■ GIVEN INFORMATION
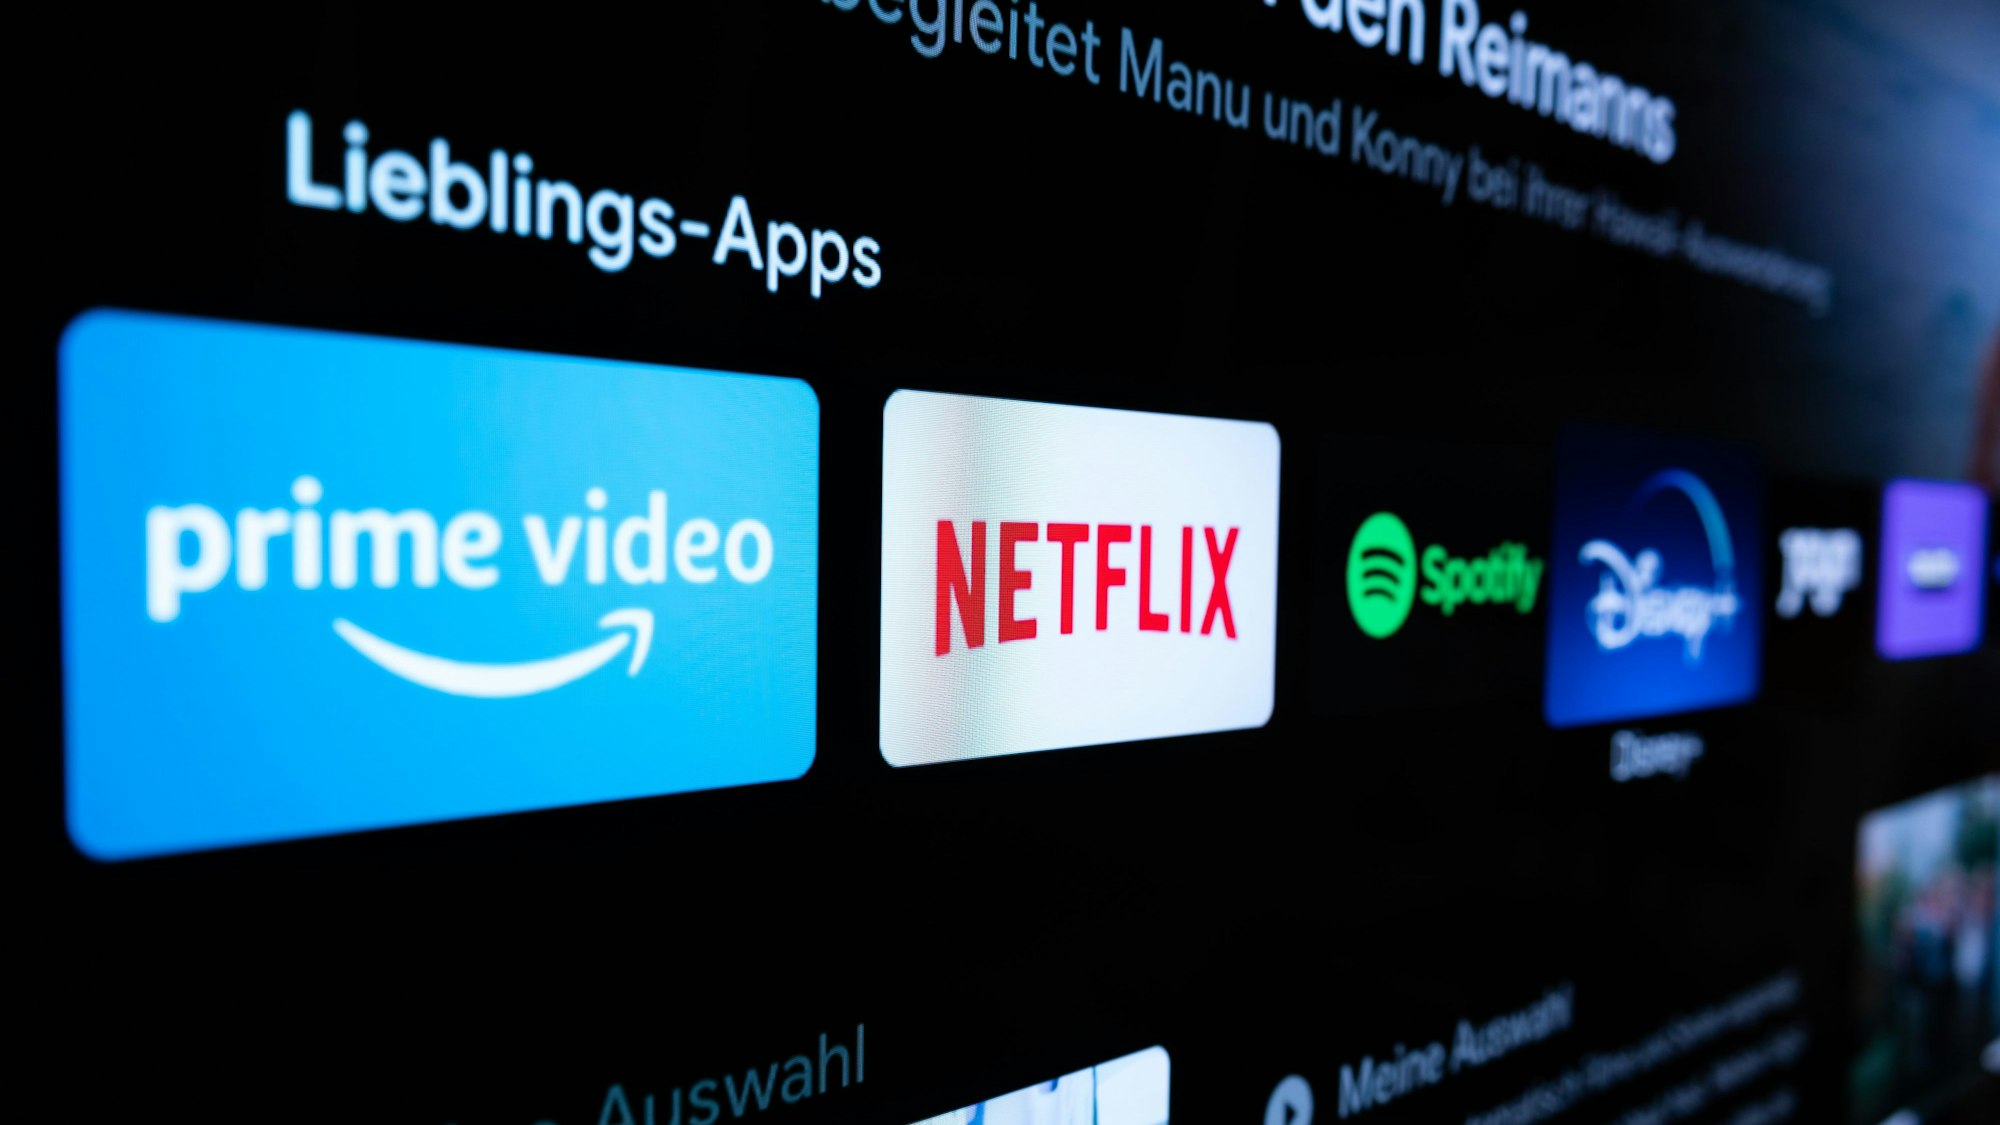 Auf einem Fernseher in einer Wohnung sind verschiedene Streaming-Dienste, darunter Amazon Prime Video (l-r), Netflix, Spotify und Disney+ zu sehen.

...

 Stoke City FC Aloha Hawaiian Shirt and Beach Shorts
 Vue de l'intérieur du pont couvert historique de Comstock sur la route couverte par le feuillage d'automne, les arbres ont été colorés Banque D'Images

--

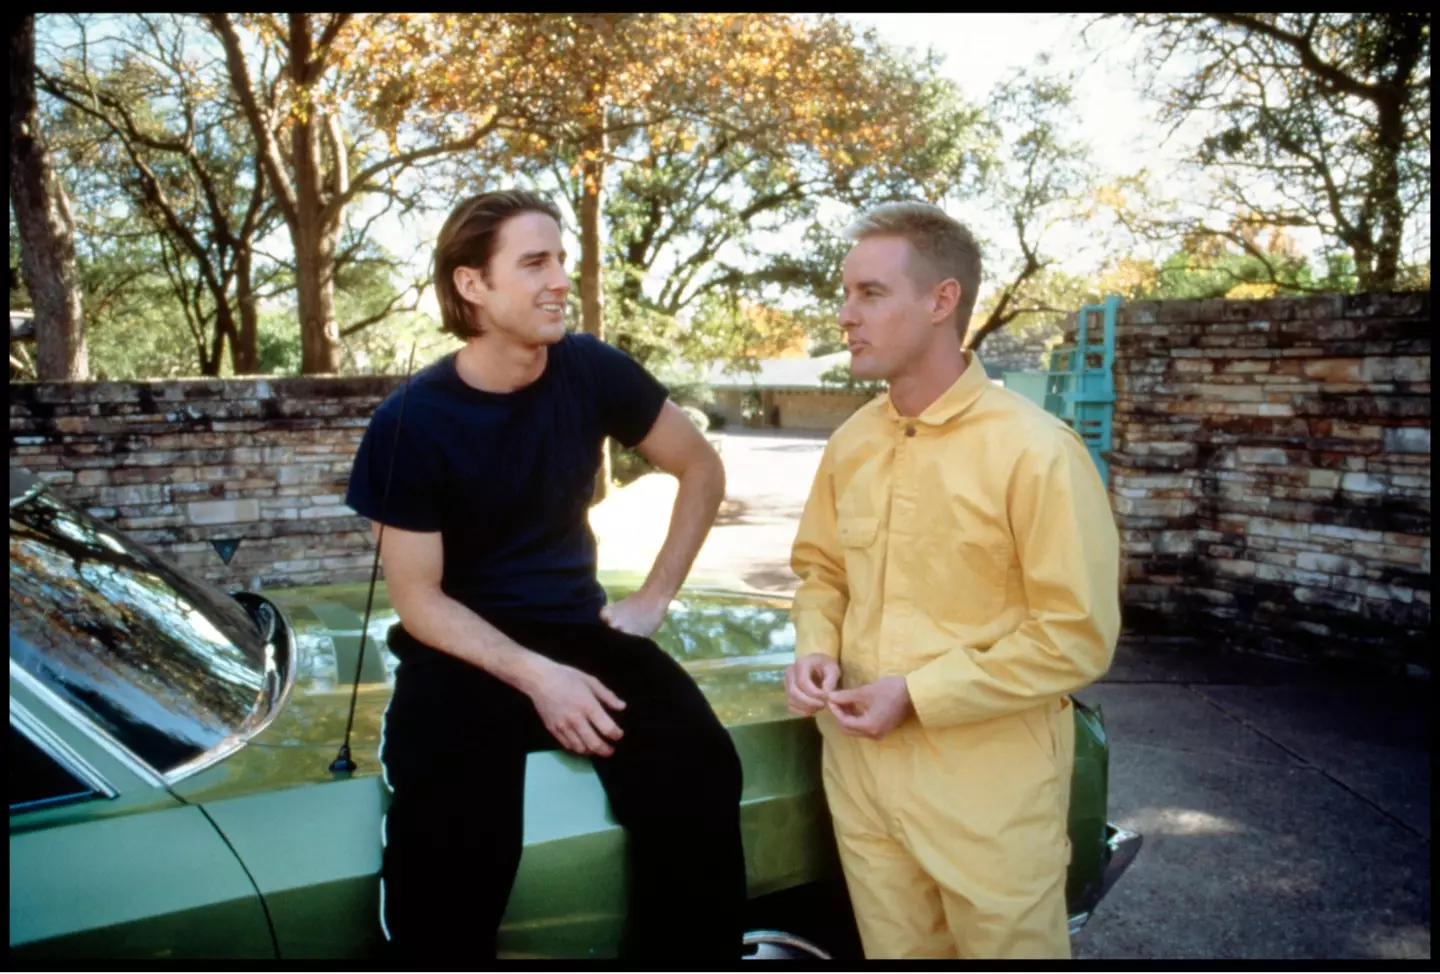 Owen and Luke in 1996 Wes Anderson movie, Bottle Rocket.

■ REQUIRED WORK
Look back at the entries above and repeat, unchanged, every line from the line holding "Stoke City FC" through the line holding "Vue de l'intérieur".

■ WRITTEN SOLUTION
 Stoke City FC Aloha Hawaiian Shirt and Beach Shorts
 Vue de l'intérieur du pont couvert historique de Comstock sur la route couverte par le feuillage d'automne, les arbres ont été colorés Banque D'Images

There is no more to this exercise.